Home Career The Back-to-School Prep I Do in April To Make August WAY Easier

The Back-to-School Prep I Do in April To Make August WAY Easier


I teach 7th grade and consider myself unbelievably lucky to have found my forever school.

Still, I’ve noticed that one of my biggest stressors during staff development in August is not having nearly enough time to be fully ready for the first day, let alone the first month.

In a two-week in-service (80 hours), we’re expected to:

  1. Attend back-to-back meetings, assemblies, or panels on all but one day: 72 hours
  2. Prep our rooms: 12 hours (more like 48 if you have to move rooms)
  3. Plan first unit: 6 hours (this is an optimistic estimate while on summer brain)
  4. Prep materials for lessons: 6 hours
  5. Mentally transition from summer to school again: roughly 10 hours (1 hour per day lost to simply wondering who you are and what it is you ever did in this building)

Total: 106 hours. I’m no math teacher, but I do know that 106 is more than 80.

The reality is teachers just aren’t given enough time to prepare for back to school.

After a decade of letting back-to-school time stress me out, I decided to take action. Here are three things I started doing in April to be kind to my August self:

1. I get my first two weeks of school completely ready to go.

I’m talking lessons planned, copies made, any technology component I need ready to go, the whole nine yards. I also leave very clear, detailed instructions and a calendar for my August self. The goal is to not even have to think about the day-to-day part just yet.

It’s almost like making sub plans. Except the person who is a stranger to my job and classroom is me.

2. I start putting together my One Big Box for when I return.

At my school, teachers have to pack up everything in their classroom at the end of the year, even if they stay in the same room. (Horrible, I know.) Instead of breaking my brain trying to remember where I put my supplies, my One Big Box has anything I need during the first week or two. It’s a big tub that has my essentials: stapler, scissors, tape, a few Expo markers, a few pencils and pens, my copies for the first two weeks, and anything else that I know I’ll need or that my students will need.

Coming back to an empty classroom in August, it’s a huge relief to know I don’t have to open all those boxes just yet. I don’t have to scramble around every time I need something. I just need to worry about my One Big Box, which is gigantic, hard to miss, and big enough to hold awkward-shaped stuff.

I actually take my One Big Box home over the summer because the thought of it “wandering off” and leaving my August self high and dry makes me break out in hives.

3. I have my students write an encouraging note for me to read when school starts in August. (And I do the same for them.)

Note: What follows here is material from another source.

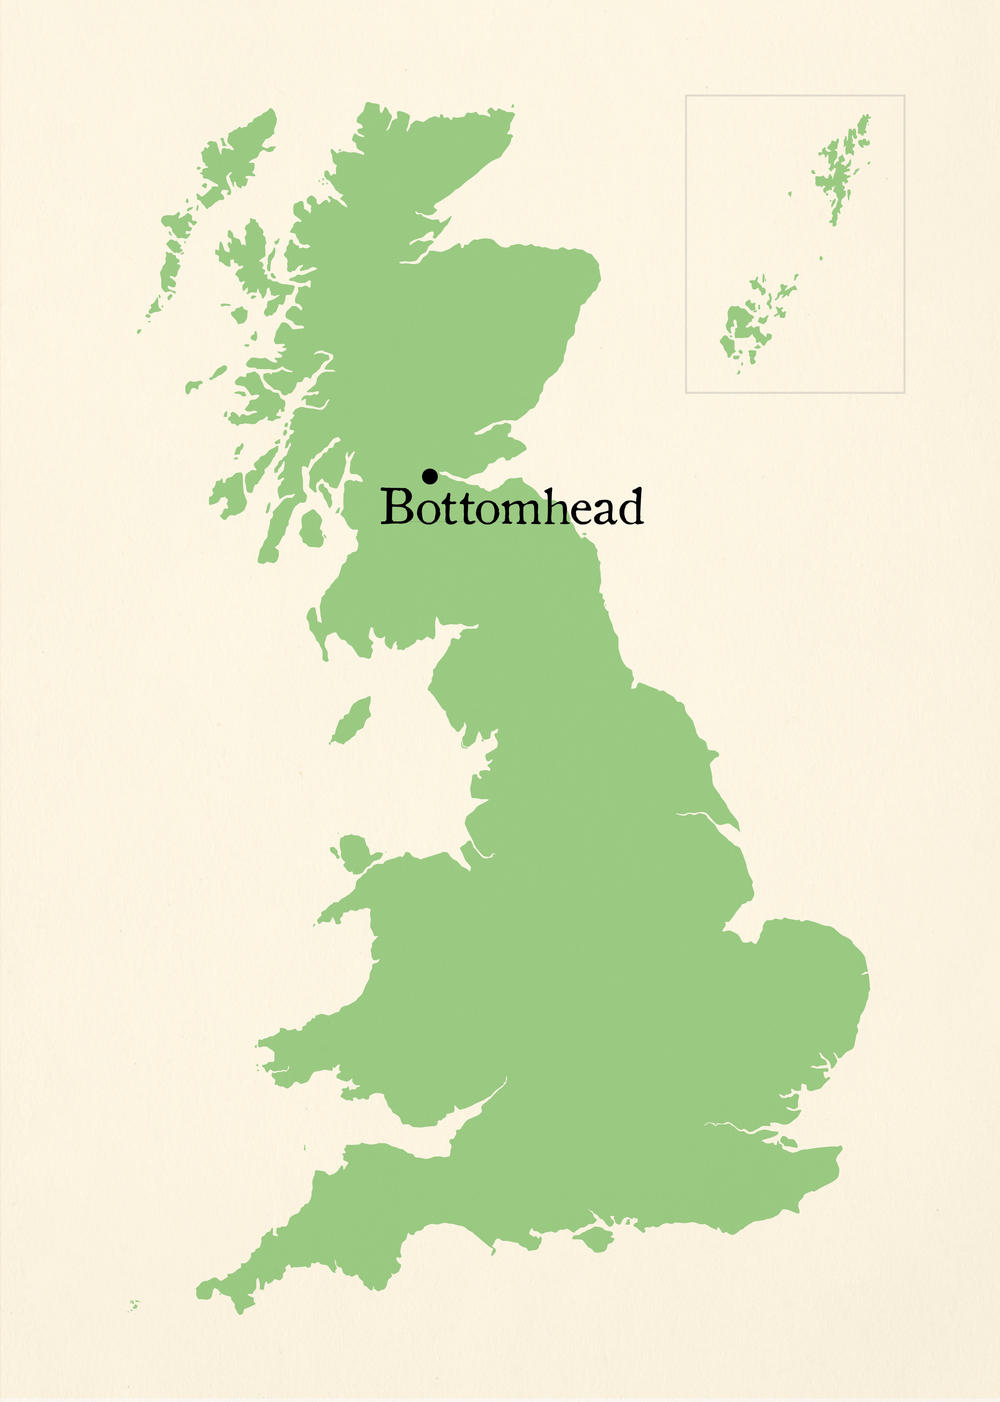 Bottomhead

You can save this activity as something to do on one of those “dead days” when the schedule is all wonky from standardized testing. You can do it for just one class or for all of them if you teach at the secondary level. The assignment is this:

“It can be hard to get back in the swing of things in August—for students as well as teachers. You’ll be writing a short letter for me to read that I’ll keep sealed and in a drawer until my first day back. You can put whatever you want in it—fun memories, quotes, drawings, a random story, whatever. The goal is to help me remember that you all are the best part of my job, and to pump me up for another school year doing a job I love. P.S. If you turn in a letter, you just might get a letter in return sent to your home address the week before school starts.”

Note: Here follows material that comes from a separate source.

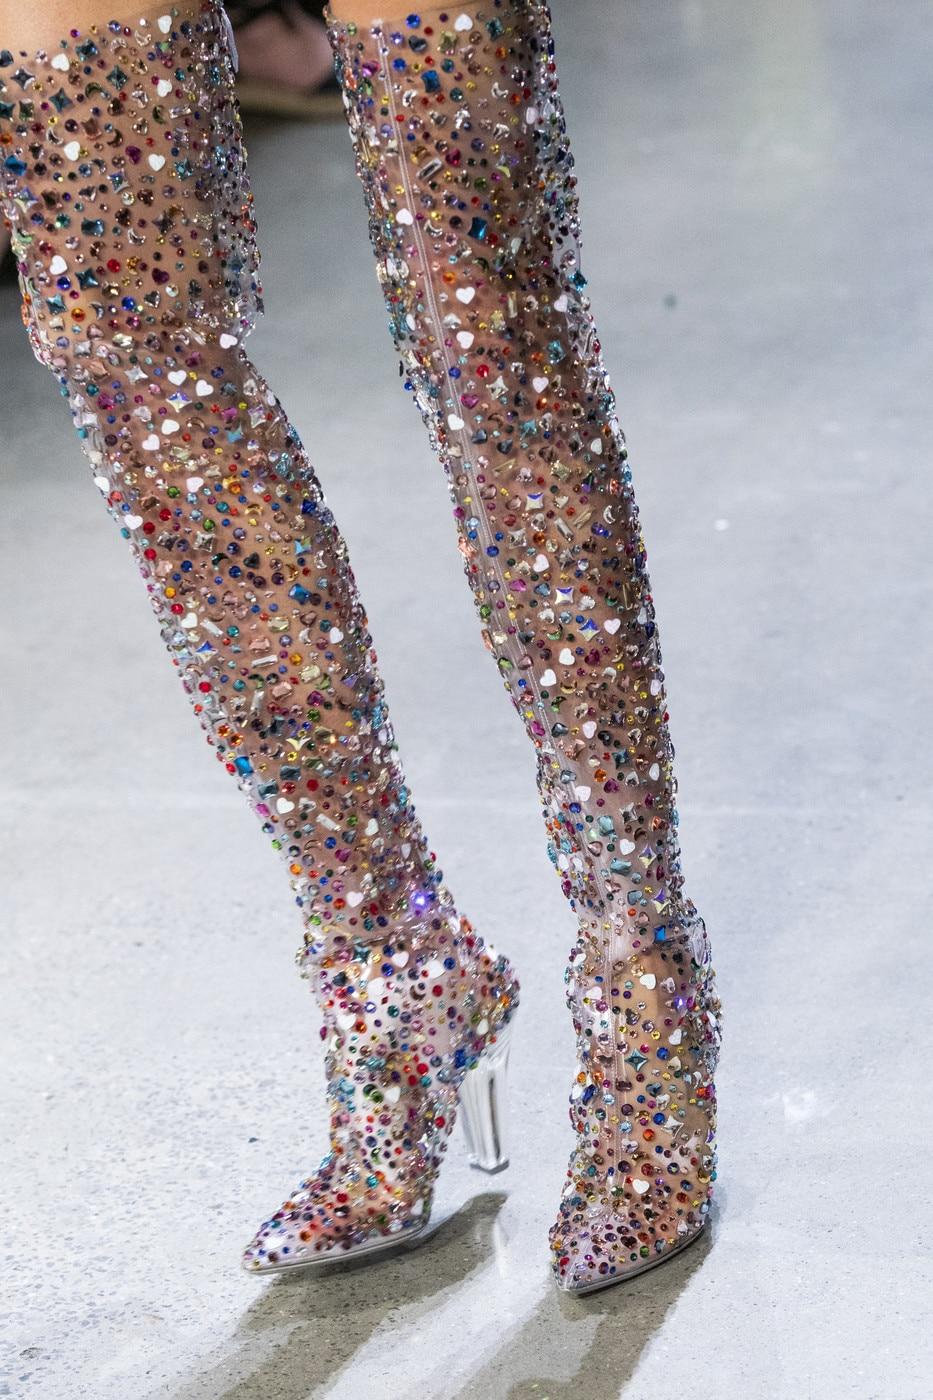 Abesire 2019 Nieuwste Vrouwen Multi Kleur Glitter Vierkante Hoge Hakken Over de knie Laarzen Dames Puntschoen Side zipper Runway Schoenen

Stick the letters in your One Big Box and read them before you do anything else when you get back to school. You’ll be glad you did.

P.S. These bulk postcards on Amazon are perfect to send to your students.

P.P.S. Go ahead and address the postcards or letters before the end of the school year—student information systems often repopulate over the summer and you’ll cry if you have to hunt them down.

P.P.P.S. Does this assignment sound terrible? Get a coworker or loved one to write the note, or write it yourself!

OK, I know what you’re thinking …

How do you have the time to do this in April?

April is a slower time at my school than other months, but I don’t think any teacher anywhere has a month of the school year they wouldn’t categorize as “hectic.” Here’s how I fit in this prep without taking it home:

  • I break it into chunks. I definitely don’t do it all at one time. By doing a little bit each day and chipping away at a giant task, I’m done in half the time it would have taken me as a zombie in August.
  • I take advantage of standardized testing days. A mandate to walk around the room silently is a great opportunity to be planning for the first week back. When you get an idea, flip up the official documents on your clipboard and make a quick note for yourself on the blank paper underneath.
  • April is often a big project month (again, due to standardized testing). When students are working independently, I work on my August prep.
  • I get students to help me organize supplies and help pack up the room. You would be surprised at how many students love establishing order in a supply closet or file cabinet.

The first August that I came back to a fully prepped classroom (especially if you believe in starting with a blank classroom) was such a relief I almost cried. Right then and there, I set an iPhone calendar reminder to take care of my August self every April.